*** Block opens ***

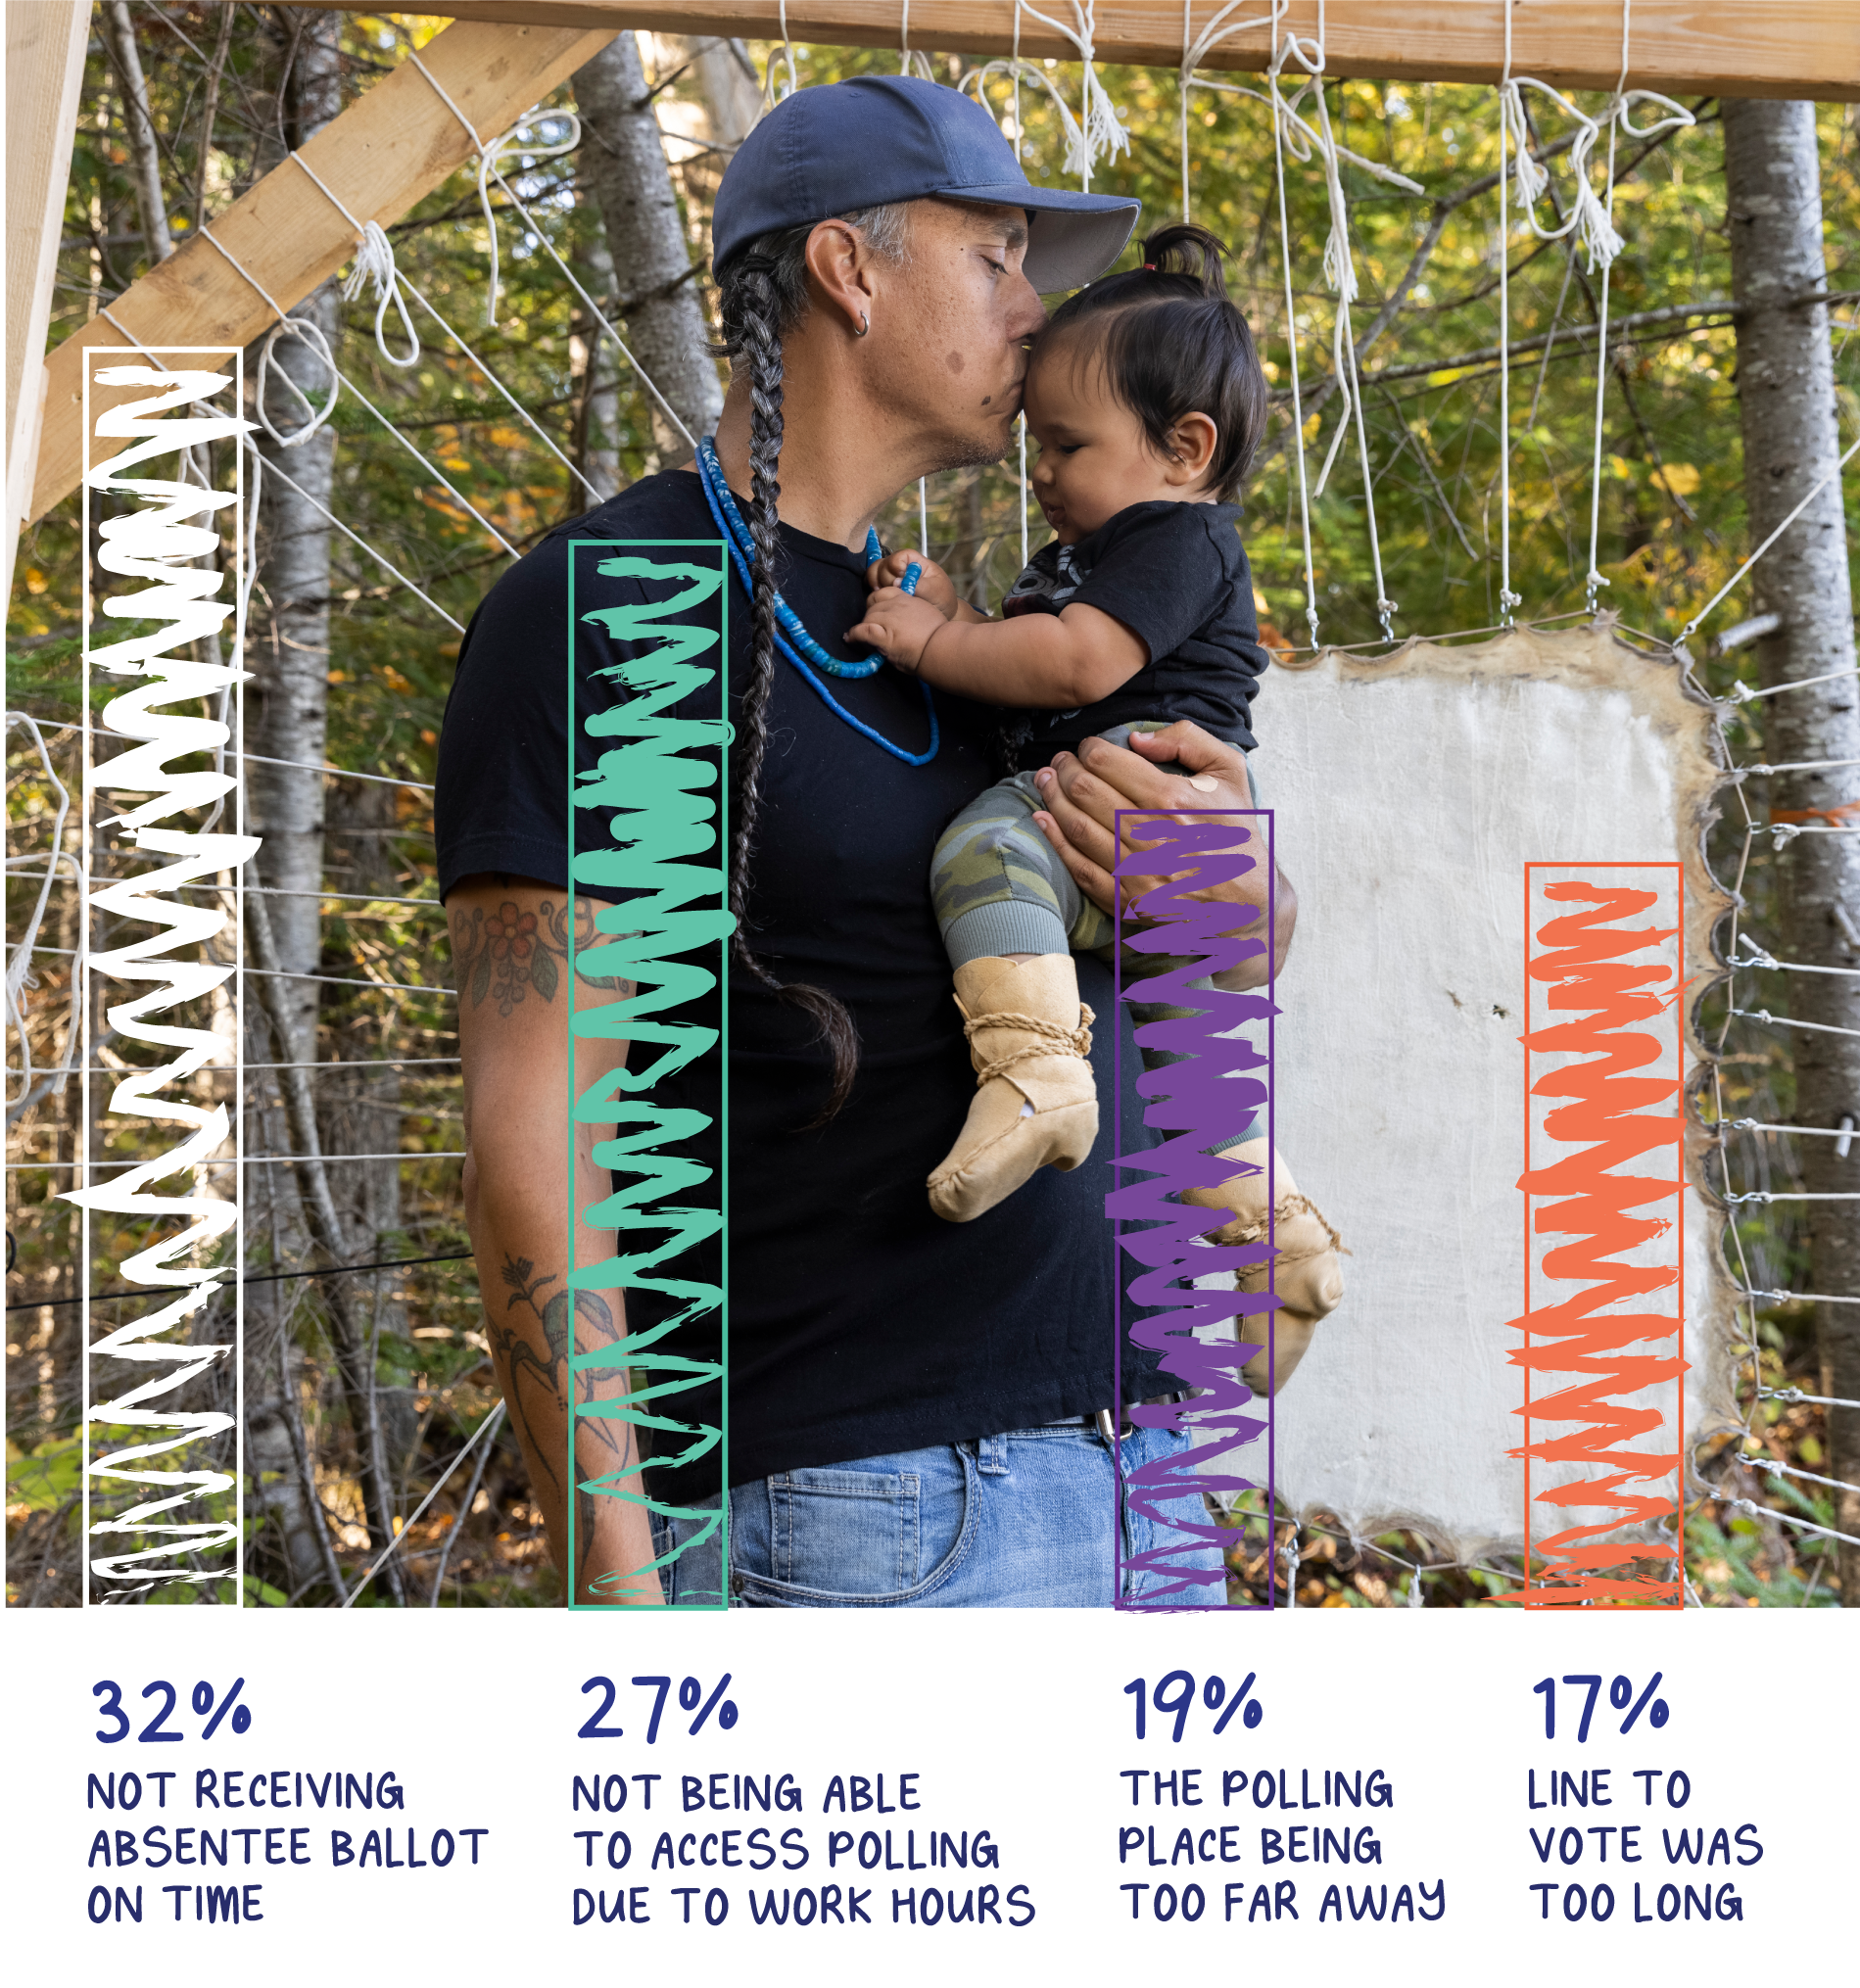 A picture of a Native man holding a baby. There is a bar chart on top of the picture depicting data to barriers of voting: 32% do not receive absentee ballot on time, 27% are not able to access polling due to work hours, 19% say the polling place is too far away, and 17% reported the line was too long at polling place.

*** Block closes ***
*** Block opens ***

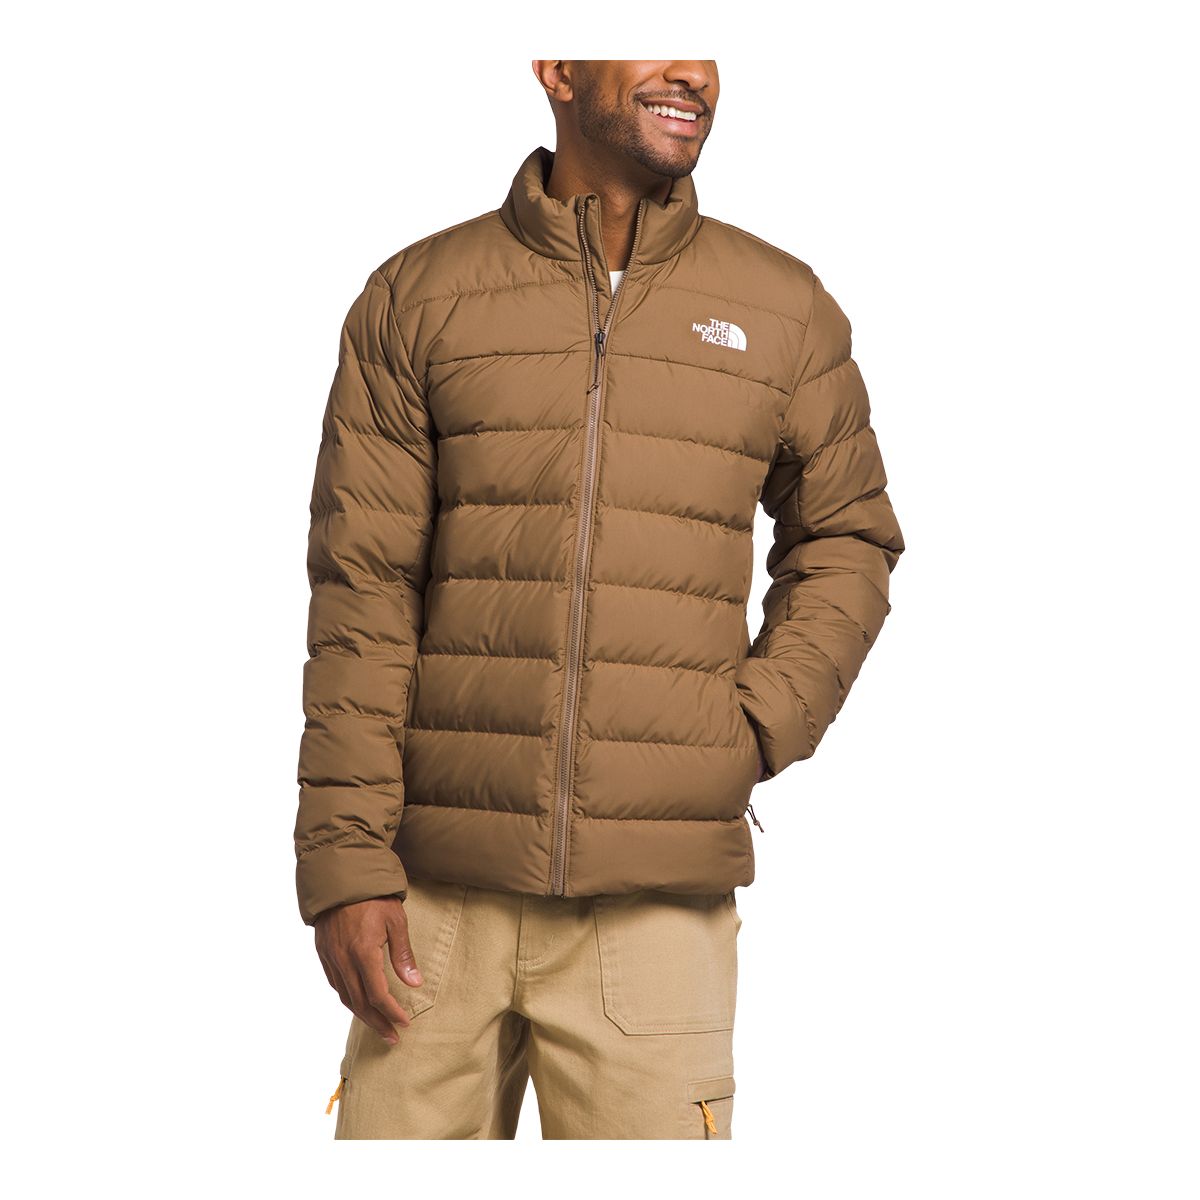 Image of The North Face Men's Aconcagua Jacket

*** Block closes ***
*** Block opens ***

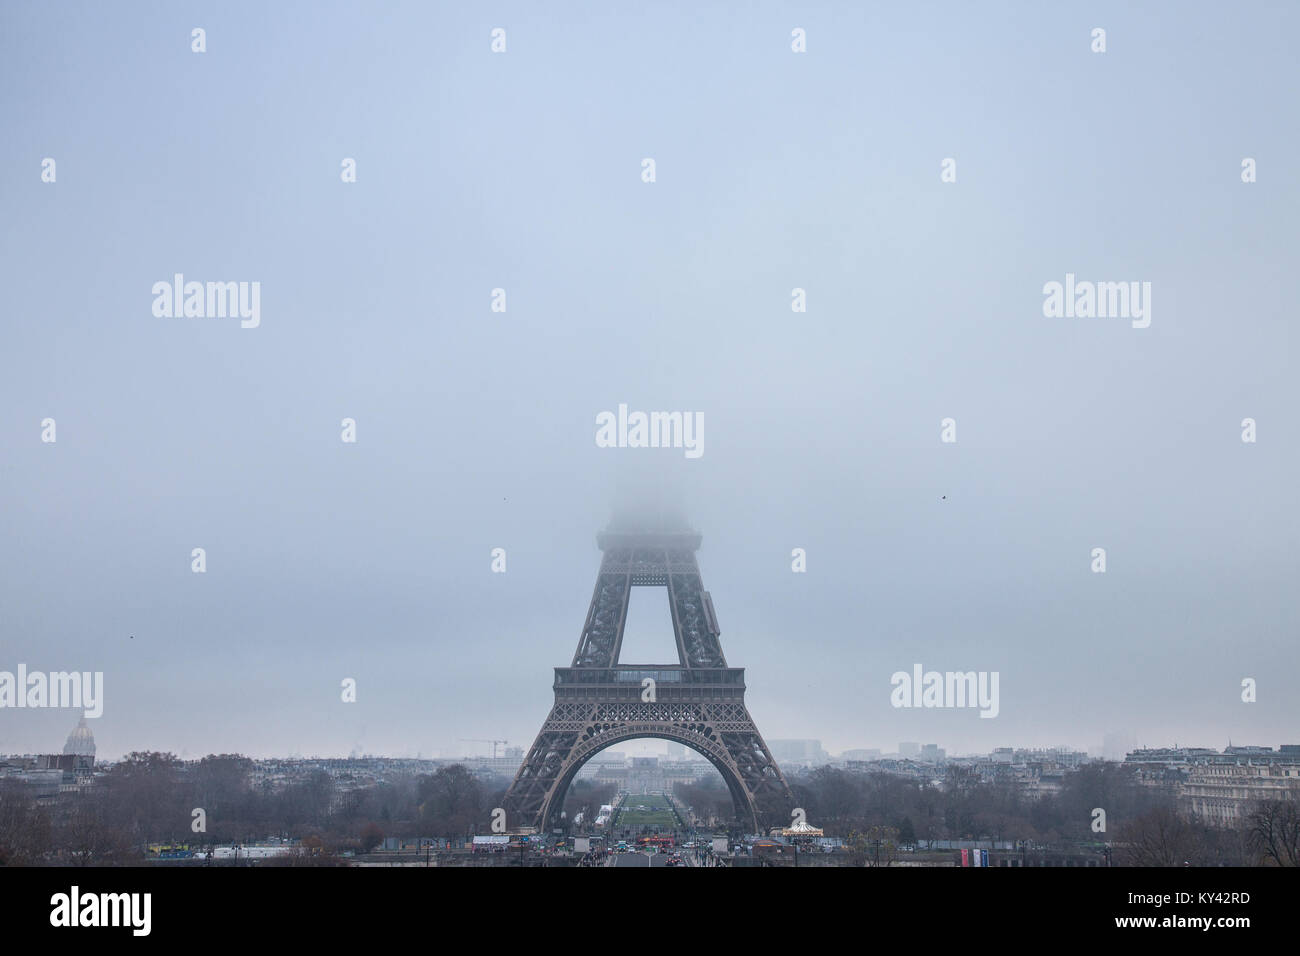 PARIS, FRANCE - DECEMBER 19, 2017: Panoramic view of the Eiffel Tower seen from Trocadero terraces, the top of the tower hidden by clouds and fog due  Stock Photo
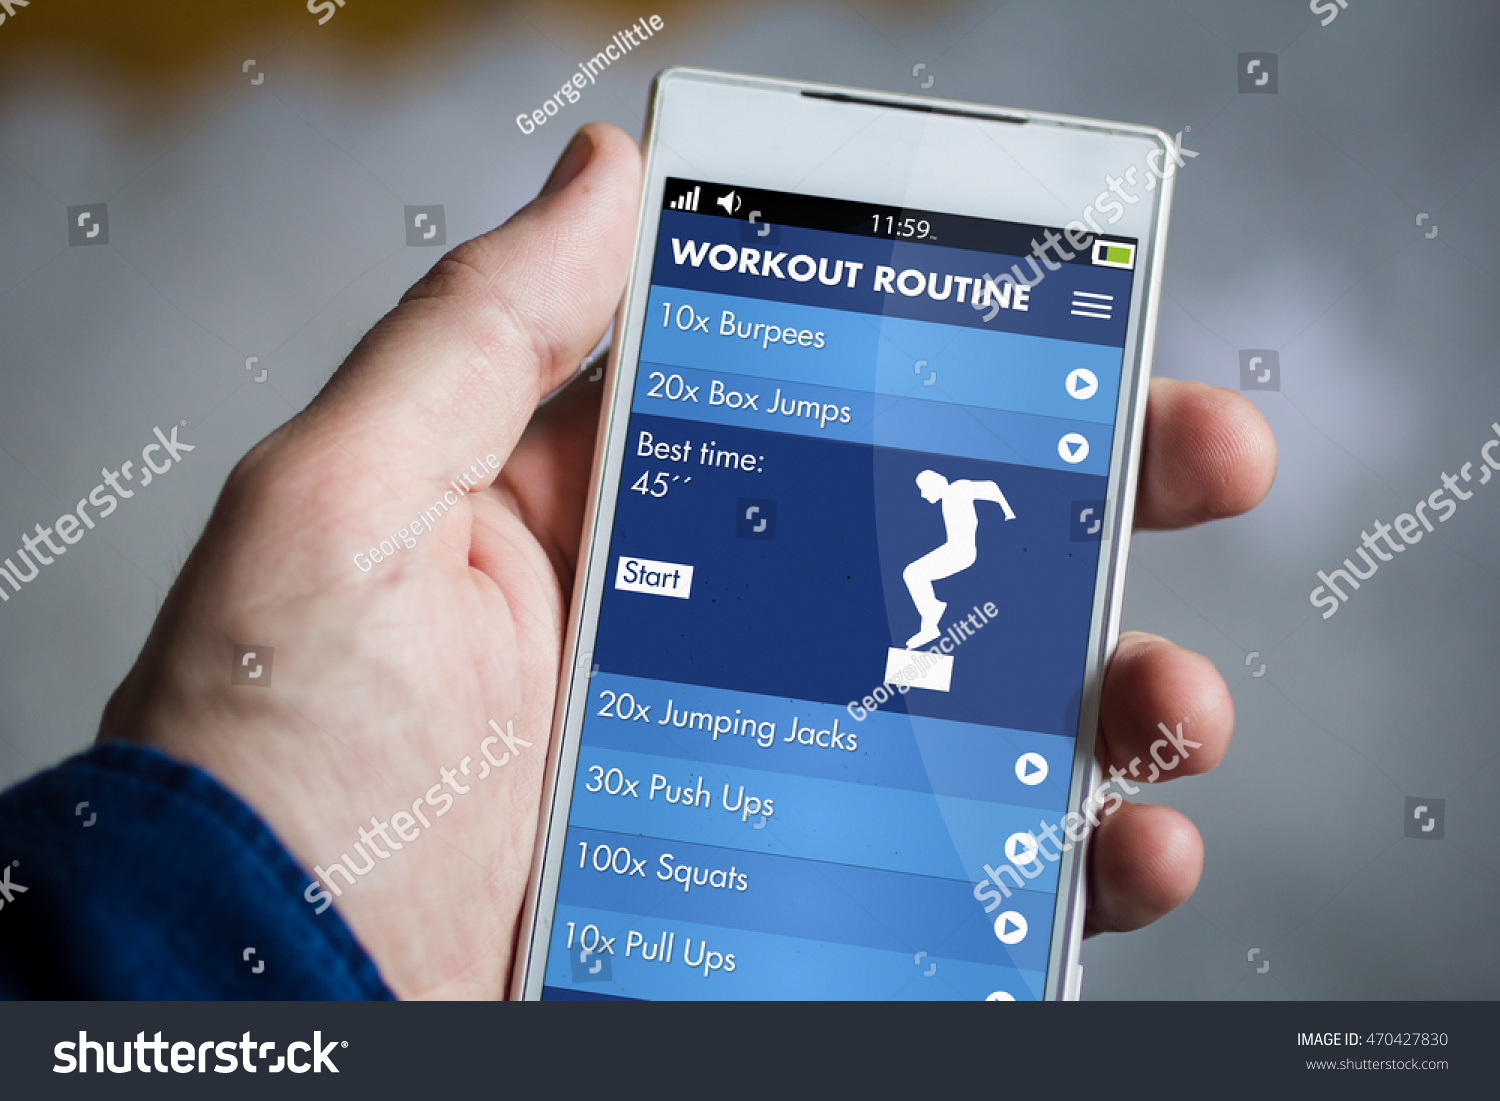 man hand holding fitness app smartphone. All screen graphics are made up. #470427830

*** Block closes ***

* **Work order**:
From the listing above, please give again the lines that begin with the line holding "PARIS, FRANCE - DECEMBER" and go on through the line holding "man hand holding", exactly, both ends included, minus any picture.

* **Solution for this task**:
 PARIS, FRANCE - DECEMBER 19, 2017: Panoramic view of the Eiffel Tower seen from Trocadero terraces, the top of the tower hidden by clouds and fog due  Stock Photo
 man hand holding fitness app smartphone. All screen graphics are made up. #470427830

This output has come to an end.